We have already seen examples of this in the use of AI to sift large amounts of documents, finding information vital to investigations. What else might we be able to deliver to audiences? Better engagement, new forms of storytelling, news customised to the needs of each user? Gina Chua pointed out that to get this right, what we need in newsrooms is imagination.
What to do next?
For any news organisation, this is a difficult moment: do you get cracking with AI, or stand back from the hype and see where it goes? Jessica aptly described the Gannett approach as "cautious, but curious".
Meanwhile, the BBC would be a "fast follower rather than initiator", David predicted, noting that at a time when the corporation was doubling down on trust as its key value for audiences, exciting new uses of generative AI may not be best.
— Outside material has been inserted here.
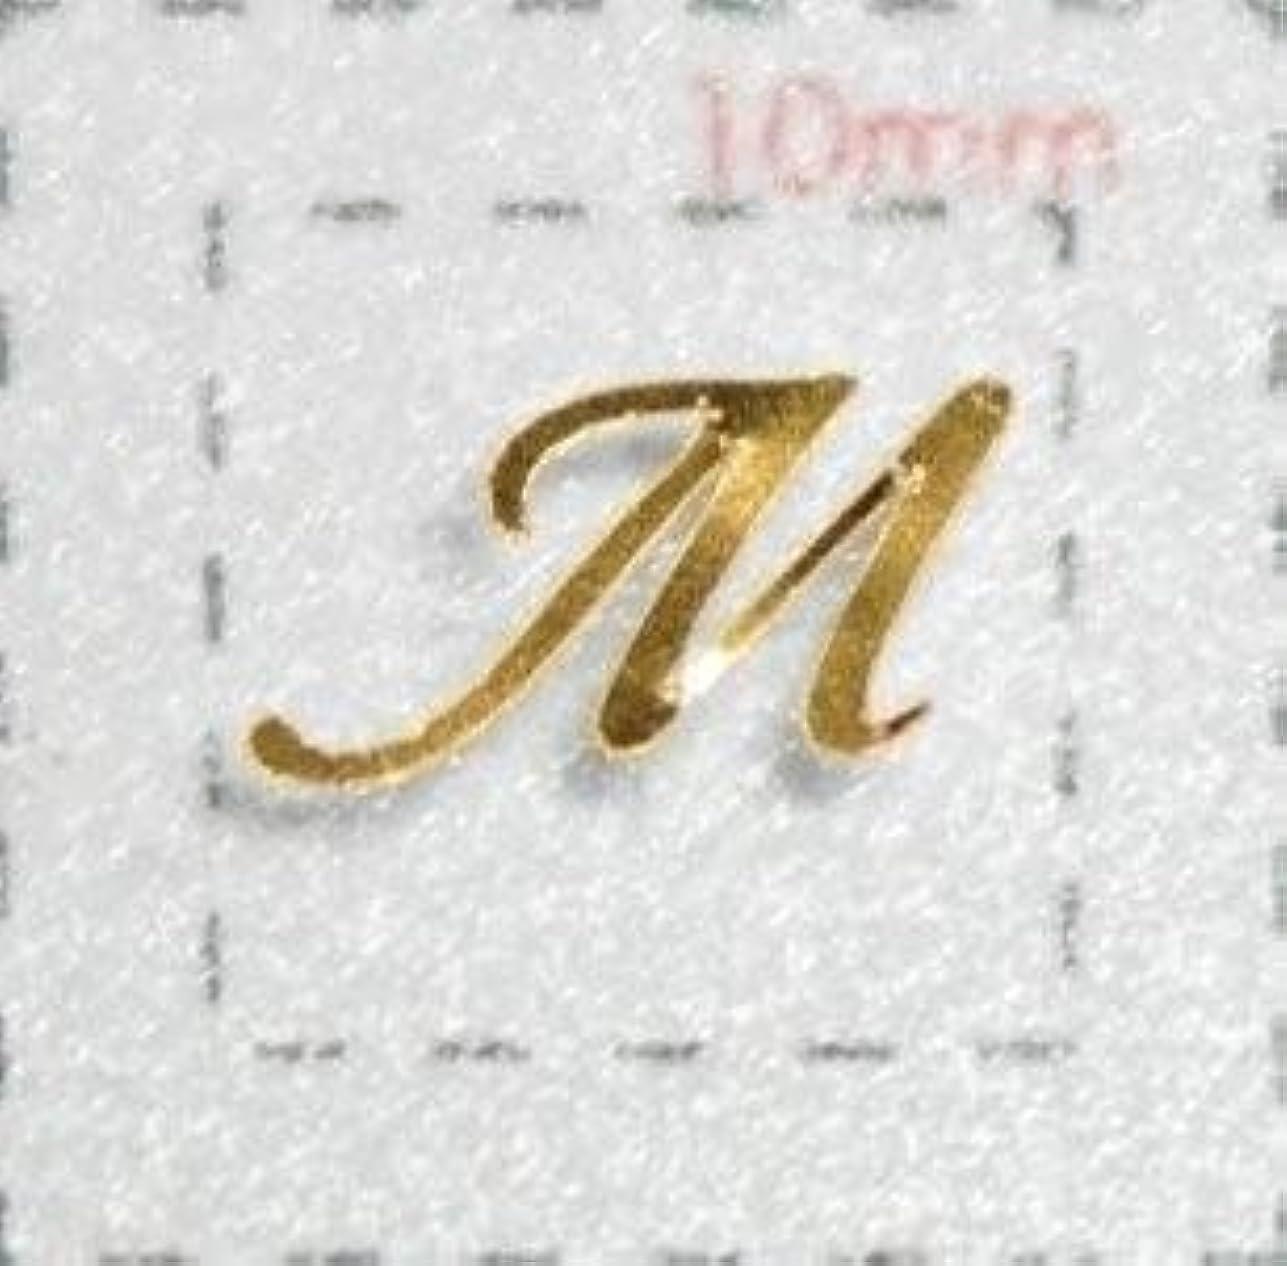 中国前方へターミナルNameネイルシール【アルファベット?イニシャル】大文字ゴールド( M )1シート9枚入

However, many people at the Festival seemed to agree on the need to make a start, at least, in looking at what generative AI – and the wider range of automation tools – could offer. Alongside that, the need to consider how AI fits your organisation's values, and to start building some guidelines to give your teams the confidence the use it.
Ultimately, it's worth remembering that this is not just about technology, it's about journalism and the audiences you are seeking to serve. So take a deep breath, think hard, and start small.
Gary Rogers is a Senior Newsroom Strategy Consultant with Fathm. In 2018, he co-founded RADAR, an AI-driven local news agency operated in the UK by PA Media.